14 Eylül 2011 Çarşamba

yanık

Sağ kolumu yine fırına kurban verdim. Dirseğimin üzerinde şöyle ceviz büyüklüğünde bir yanık izi var. Düşen masanın morarttığı yerin epey üzerinde, tencere yanığının hemen sağında. Sağ kolumla zorum var benim anlaşıldı.
Dün yanık koluma yumurta beyazı sürerken birden hayatın bir yanıktan ya da kesikten pek de farklı olmadığını düşündüm. Hiçbirşey yokken herşey yolundayken hayatta insan yaşadığı rutinden başka birşeyin farkında olmuyor. Ancak rüzgar tersine esmeye başlayıp toz duman olunca hayatımızda herşey o soruna kitleniyor. Vücutta da öyle işte; bir yara ya da kesik olmadığı zaman hiç elin ayağın parmakların vs.nin farkında oluyor muyuz?
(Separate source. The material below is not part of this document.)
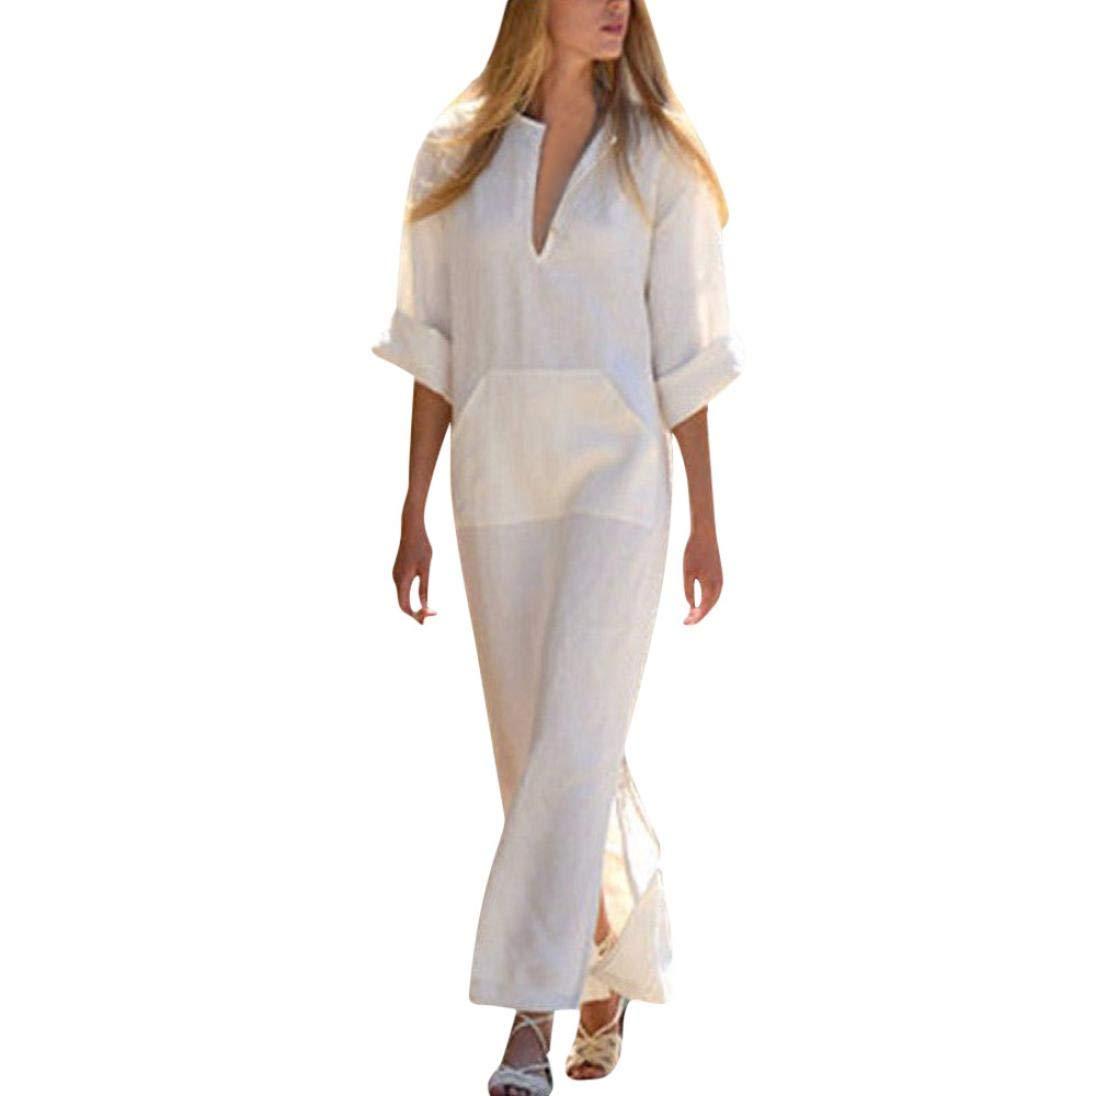 REYO ♥ [M-3XL] Clearance Sale Women's Dresses V-neckline Loose Pocket Dress Long Sleeve Mini Dress

Yoo dikkat bile etmiyoruz organlarımıza. Ama ne zaman bir yerimiz yaralansa orası zayıf noktamız oluyor. Ona göre dikkat ediyoruz hareketlerimize ve zaman geçip de o yara iyileşene kadar bu böyle devam ediyor. Hayatta da öyle zaman geçip sular duruluncaya kadar bir yerler kanıyor ya da dokununca acıyor. Sadece sabredip yaranın kabuk tutmasını beklemek lazım. O zaman yine herşey eskisi gibi olacak, yine sadece o belli rutinimizde yaşayacağız ve yine yanıklarımıza yumurta sarısı sürüp, onlardan öğrendiklerimizi cebimize atıp yolumuza devam edeceğiz.  

3 yorum:

  1. Komşum komşum,
    Harika bir metafor düşündürmüş, yanığın sana.
    Çok geçmiş olsun, tez zmanda iyileşsin kolun, izi hiç kalmasın.
    Vee, artık bi görüşsek diyorum, özledim zira.
    :))

    YanıtlaSil
  2. İlerledikçe yaş ne yanıklar olacak ruhda, dumanlar tütecek kalbin ocağından....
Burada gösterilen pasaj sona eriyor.